The artist must move through a lot of space because moving through a lot of space buys him visual appeal. By the same token little movement through space means little or no visual appeal. The dancing lacks visual appeal. Milonguero social dancers look boring. From the point of view of the performing artist a lack of visual aesthetics means lack of aesthetics full stop. Performing artists and their students seem incapable of seeing any aesthetics other than the visual image. They are addicted to the visual image and are incapable of seeing past that. It’s the world that they inhabit, the world of the eye. The music and the physical sensations are just a background for that.

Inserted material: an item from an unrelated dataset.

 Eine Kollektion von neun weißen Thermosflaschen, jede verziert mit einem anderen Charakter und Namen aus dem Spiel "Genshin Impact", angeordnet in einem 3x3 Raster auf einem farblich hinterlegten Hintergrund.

In fact, contemporary tango practice has been completely subsumed by the images of tango dancers on the internet and performances of tango by teachers, with social tango becoming a practice session for their students. It has become a simulacrum:
Postmodernist French social theorist Jean Baudrillard argues that a simulacrum is not a copy of the real, but becomes truth in its own right: the hyperreal. According to Baudrillard, what the simulacrum copies either had no original or no longer has an original, since a simulacrum signifies something it is not, and therefore leaves the original unable to be located. Where Plato saw two types of representation—faithful and intentionally distorted (simulacrum)—Baudrillard sees four: (1) basic reflection of reality; (2) perversion of reality; (3) pretence of reality (where there is no model); and (4) simulacrum, which “bears no relation to any reality whatsoever”
Wikipedia
The predominance of the visual modality has effectively created a Matrix-like hyperreality in which the participants can’t see past their biases.

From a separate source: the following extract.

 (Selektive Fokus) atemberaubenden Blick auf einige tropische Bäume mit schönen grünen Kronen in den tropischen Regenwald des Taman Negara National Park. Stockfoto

The first step is to see past the simulacrum and that requires being able to appreciate what I call somatic aesthetics and what Richard Shusterman has calls Somaesthetics. Then the next question is what should we be focusing on in order to move with spatiotemporal efficiency? My answer is that we should be focusing on knees and elbows. That might seem strange if you’re used to the standard tango lesson but it’s perfectly normal if you think about dances like the Charleston or Swing. I’m not saying that you can’t move effectively by widely moving the extremities, or that dances like Charleston or Swing never involve testing the kinesphere with hands and feet. I’m saying that the wider the dance the more it depends on push-pull, wide use of space, and therefore greater difficulty and energy required to produce speed. It’s necessarily less “tight” and efficient. You can do it but you have to work hard. Finally, it’s not feasible in a packed dancing floor.

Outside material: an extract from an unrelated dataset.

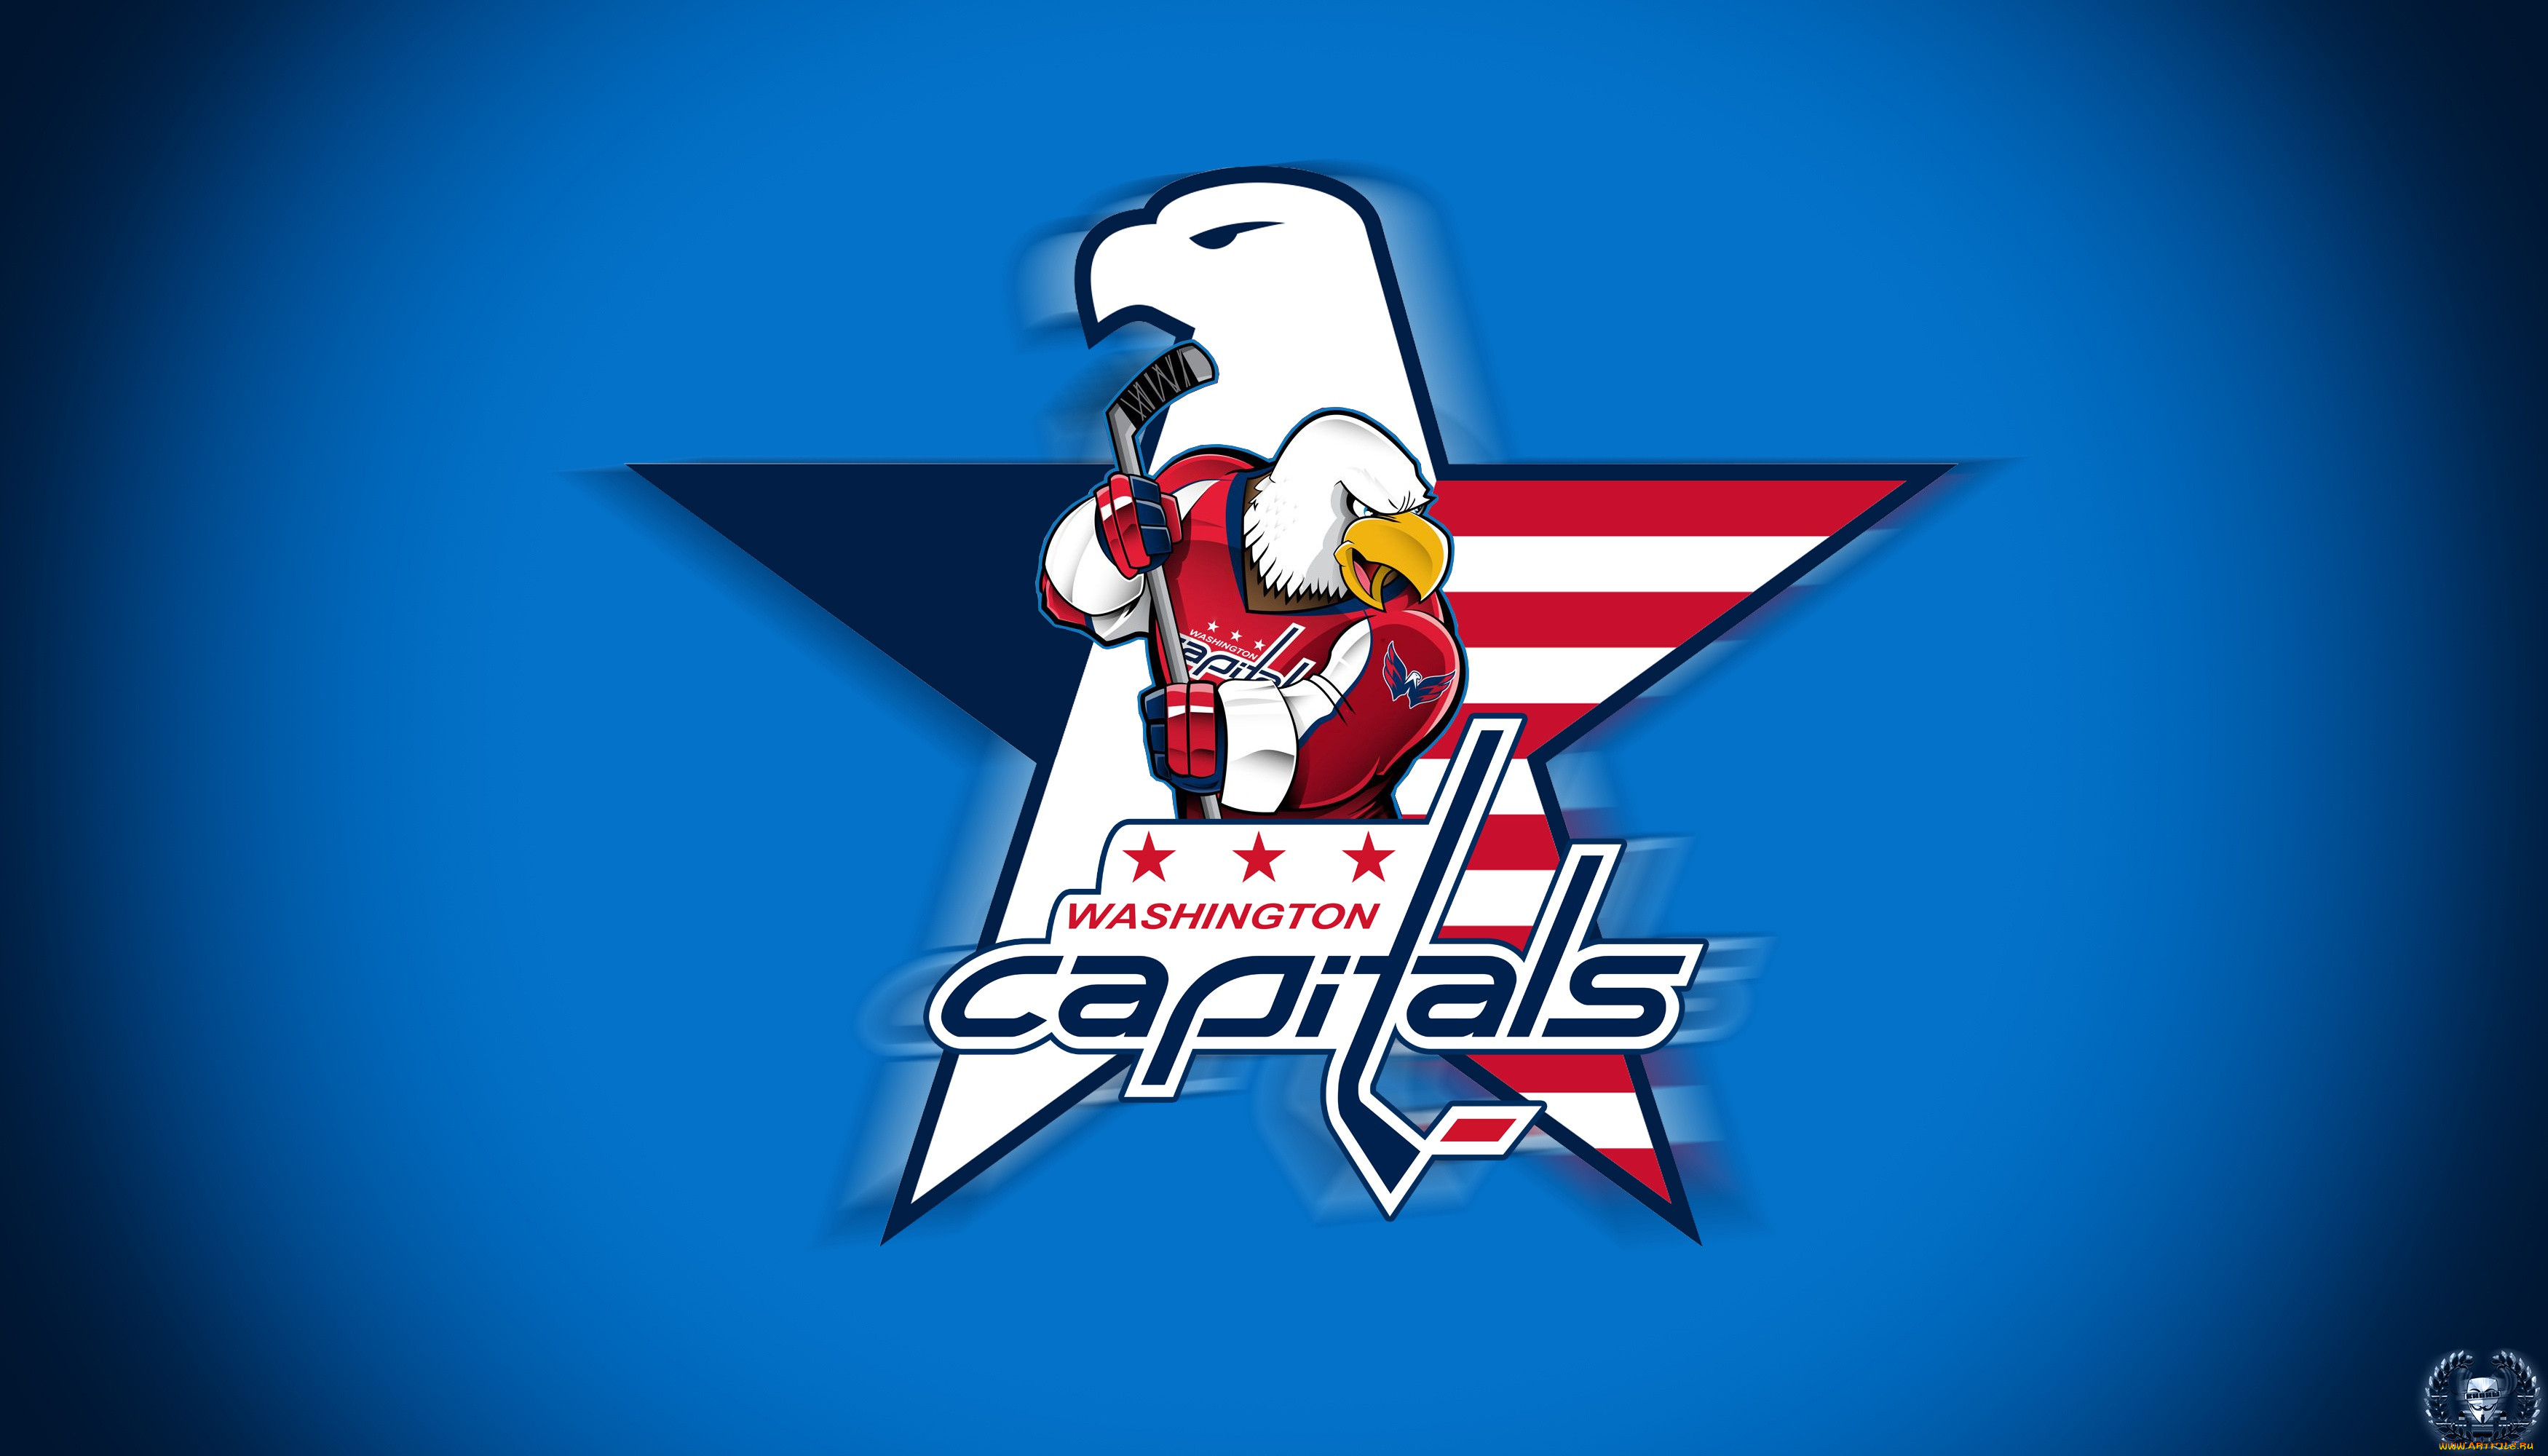 Обои на телефон хк. НХЛ Вашингтон Кэпиталз логотип. Эмблема хоккейной команды Вашингтон Кэпиталз. Эмблемы клубов НХЛ Вашингтон. Вашингтон Кэпиталс хк эмблема.

Tango milonguero social dancing focuses on the inward expressiveness within the embrace for its peculiar aesthetic effect, rather than the outward expressiveness of wide hand and foot movements and motion through space. It’s skinespheric rather than kinespheric. Unless you have experienced it you will find it difficult to be open to this as an aesthetic approach and will probably only be able to recognise the aesthetics of the visual approach. Even when dancing socially your mindset will be that of the performer and this will show to those looking on. You will look like you’re doing a performance in a social context. Twenty couples at a milonga dancing that way will look like twenty couples competing for attention at one of those tango dancing competitions. A couple dancing social milonguero type dancing will stand out on that busy dancing floor and will look decidedly inactive by comparison. It will look fundamentally different, and the students of performing artists will probably not recognise it as dancing at all.